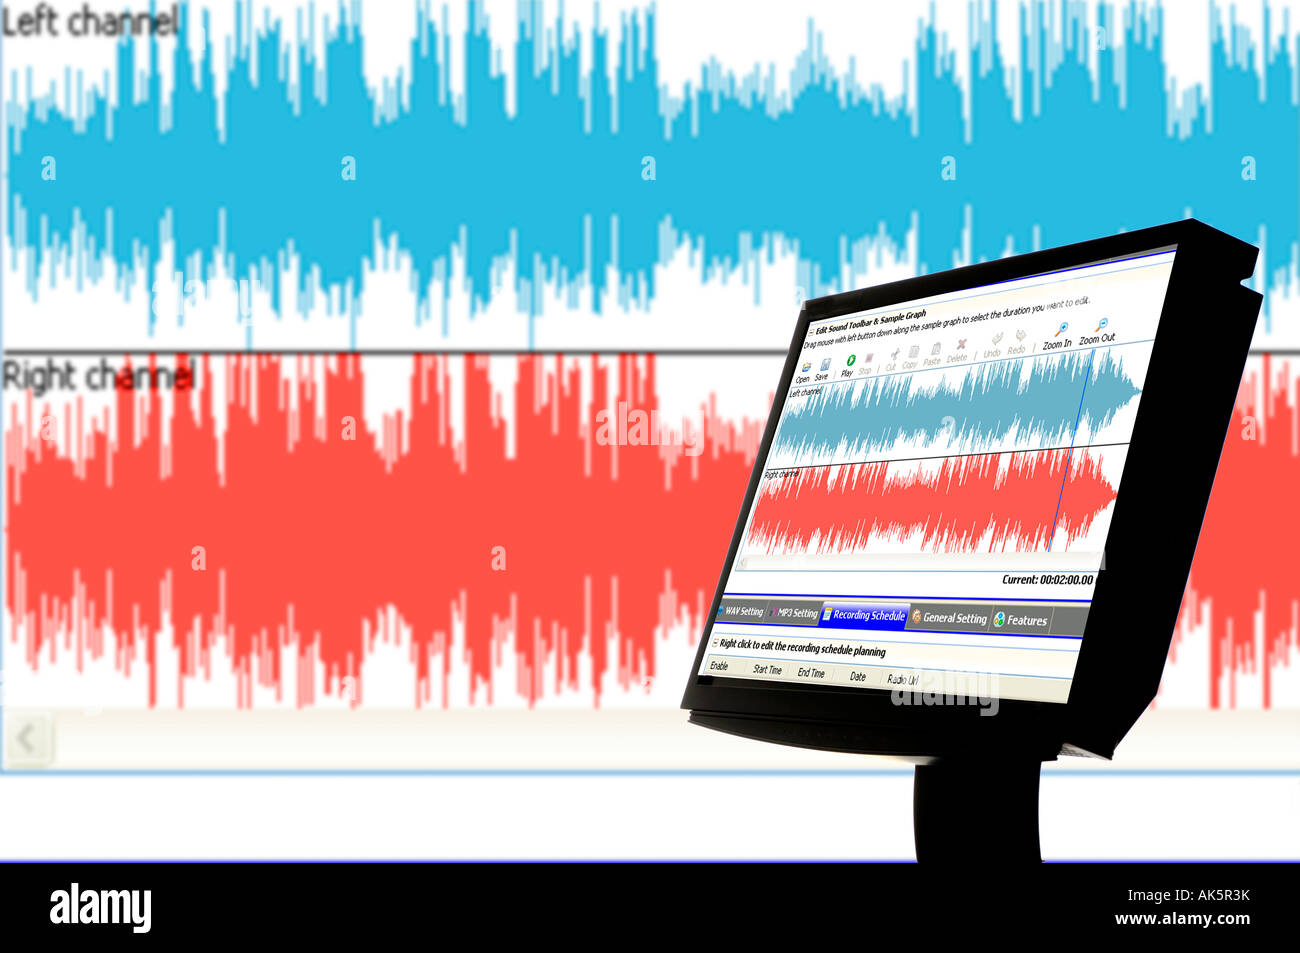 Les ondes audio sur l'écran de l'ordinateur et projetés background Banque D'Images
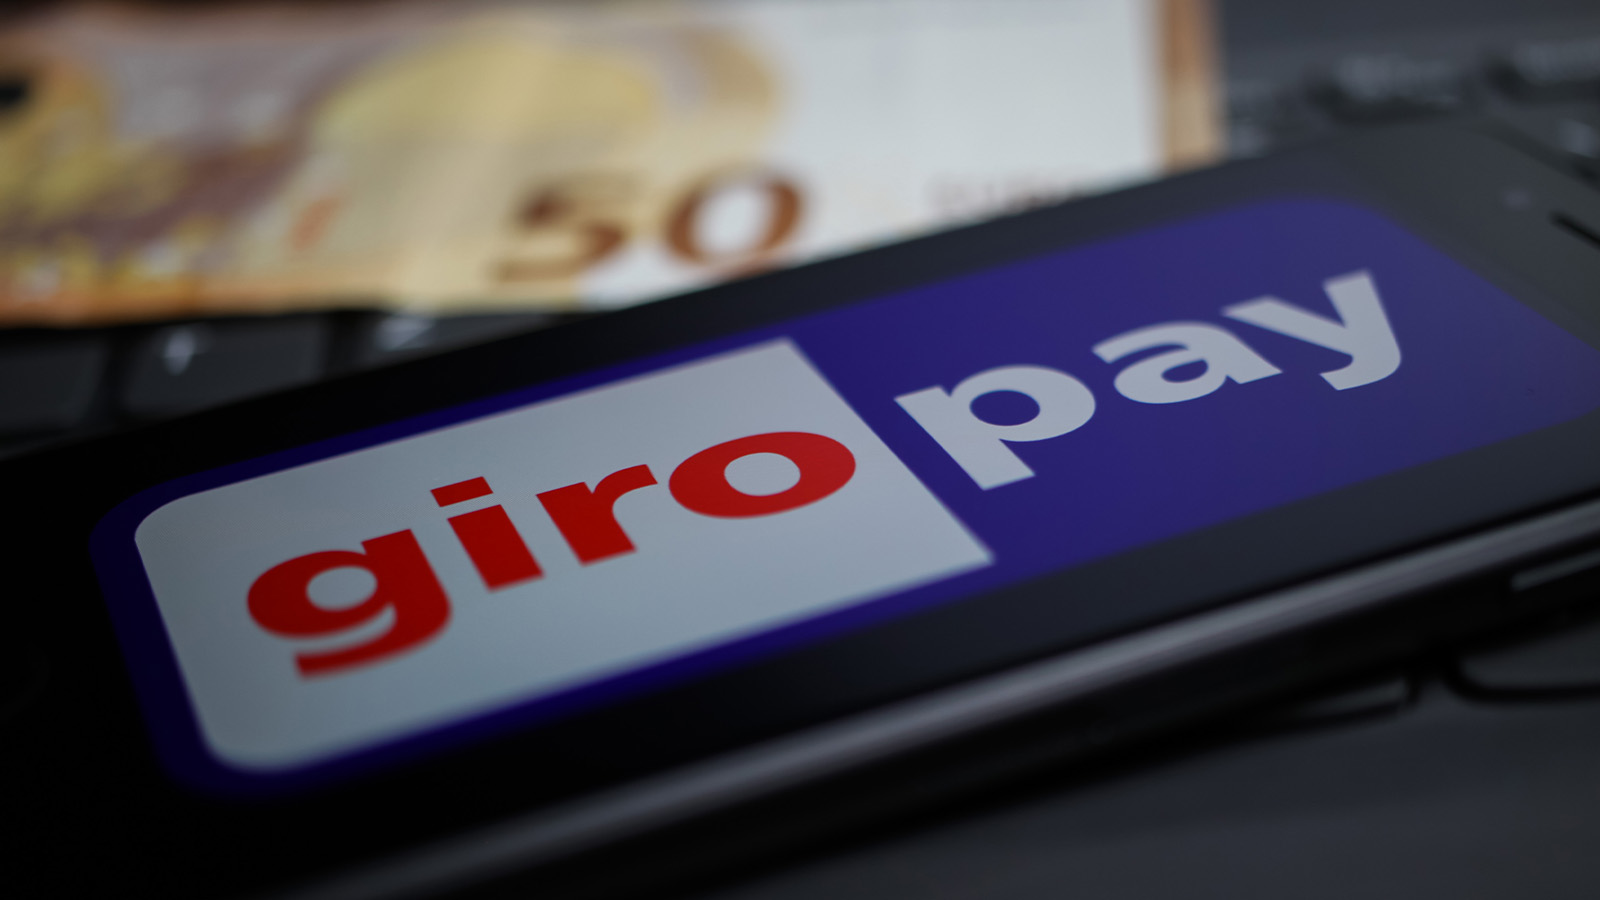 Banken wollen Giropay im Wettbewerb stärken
--
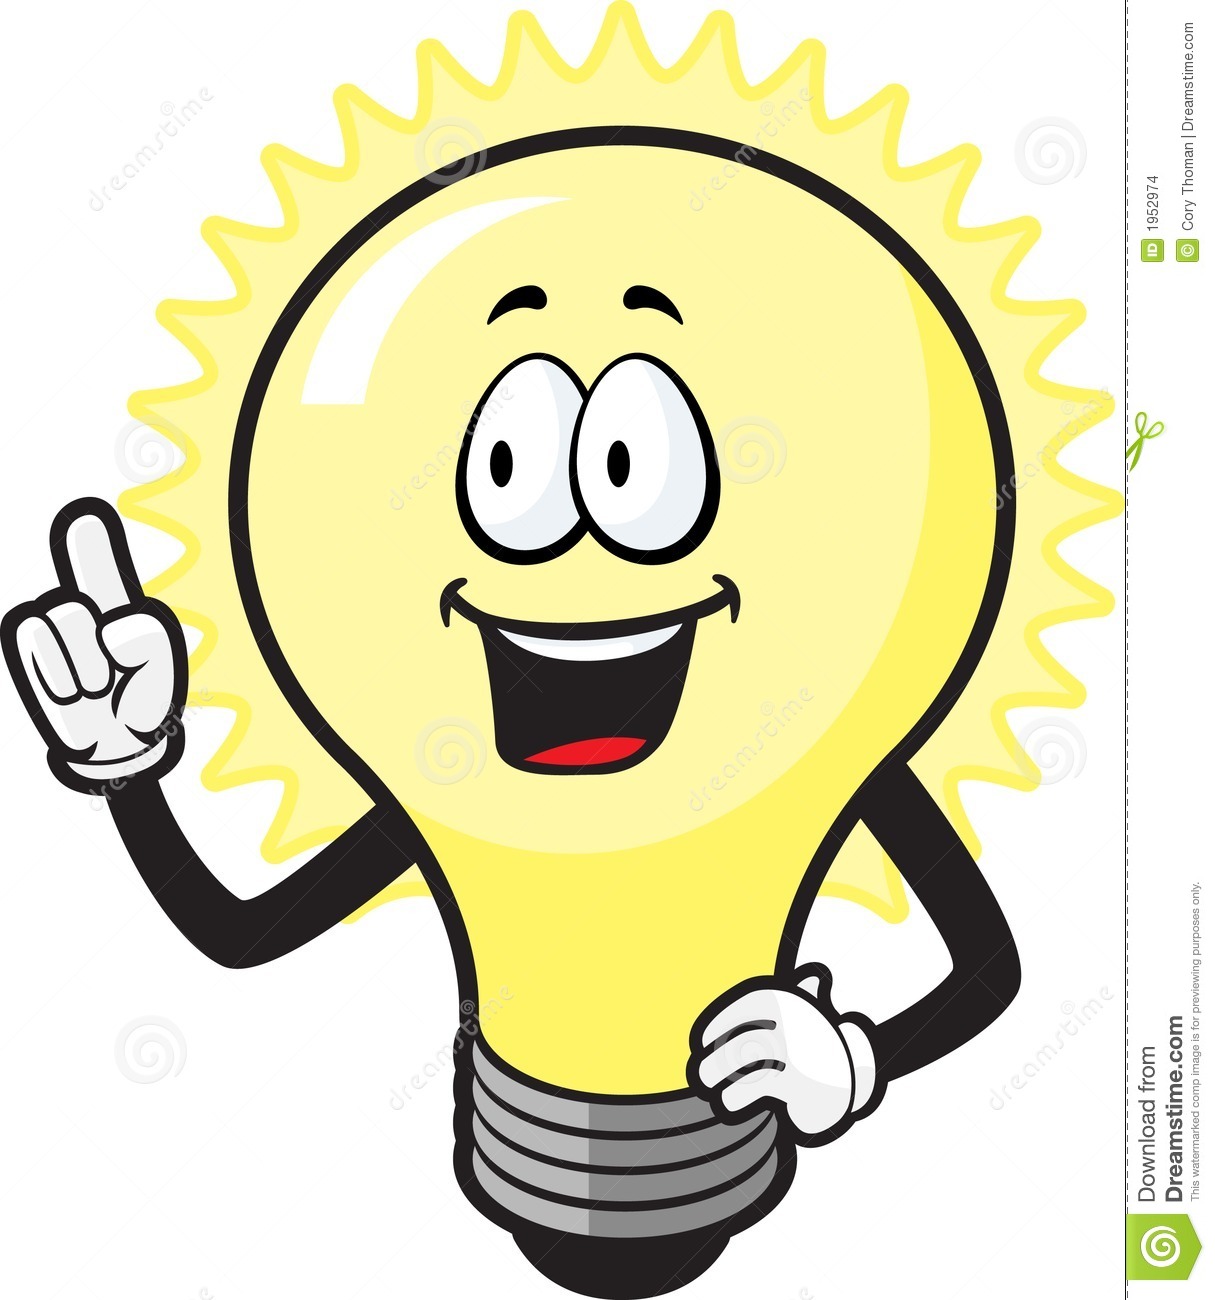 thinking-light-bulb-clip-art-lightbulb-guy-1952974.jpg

(Activity):
A verbatim reproduction is expected: starting at the line above that has "Les ondes audio", ending at the line that has "Banken wollen Giropay im Wettbewerb stärken", both included, and with no pictures and no other lines.

(Answer section):
 Les ondes audio sur l'écran de l'ordinateur et projetés background Banque D'Images
 Banken wollen Giropay im Wettbewerb stärken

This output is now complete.